Waters queercodes the idea of filth and depravity and posits Divine as the patron saint of degeneracy, a figure representative of an extreme that must exist in order to usher in the new age of queer liberation against the binary norm.
Conversely, the Marbles act as a commentary of those that seek to emulate these attitudes and lifestyles. The acts of cruelty that they commit are but borne of a pallid imitation, they are able to retreat from true filth and back into their white walled mansions as they please, treating the image of queerness as a suit that can be put on and taken off as and when they choose to, all to disguise a crueler, more malicious intent. (This bastardized version of queerness does only harm towards those that are actually queer, as seen in Channing's narrative arc)
In the eyes of people back then, to be queer was to be filth.
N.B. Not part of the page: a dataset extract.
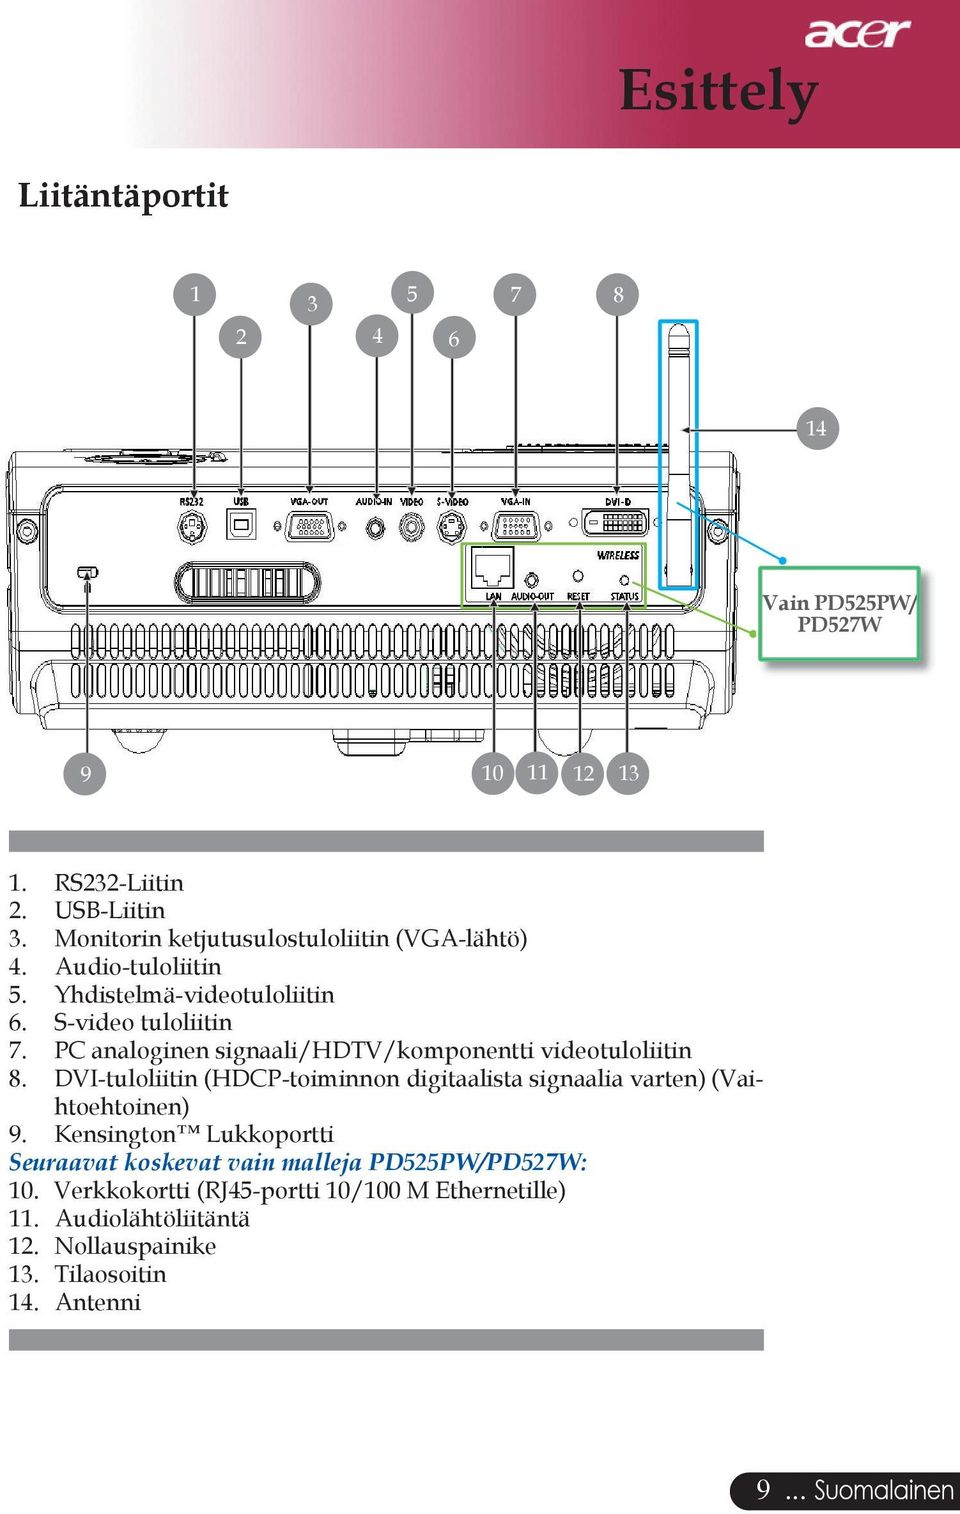 PC analoginen signaali/hdtv/komponentti videotuloliitin 8. DVI-tuloliitin (HDCP-toiminnon digitaalista signaalia varten) (Vaihtoehtoinen) 9.

Waters' film is a response: To be filth is to be Divine.
Mr. Vader: Do you believe in God?
Divine: I *am* God!
Cotton: [to Crackers] You are God!
Crackers: [to Cotton] You are God.
all that being said, I cannot condone the very real acts of animal cruelty within the film, completely sickening and vile. Pink Flamingos works (in my opinion) because Divine and her associates are caricatures of the taboo extremes, entirely fictional in nature. In the scenes referenced, they are committing real acts of cruelty at another living creature's expense, and detracts in some part from what I thought was the main message of the film.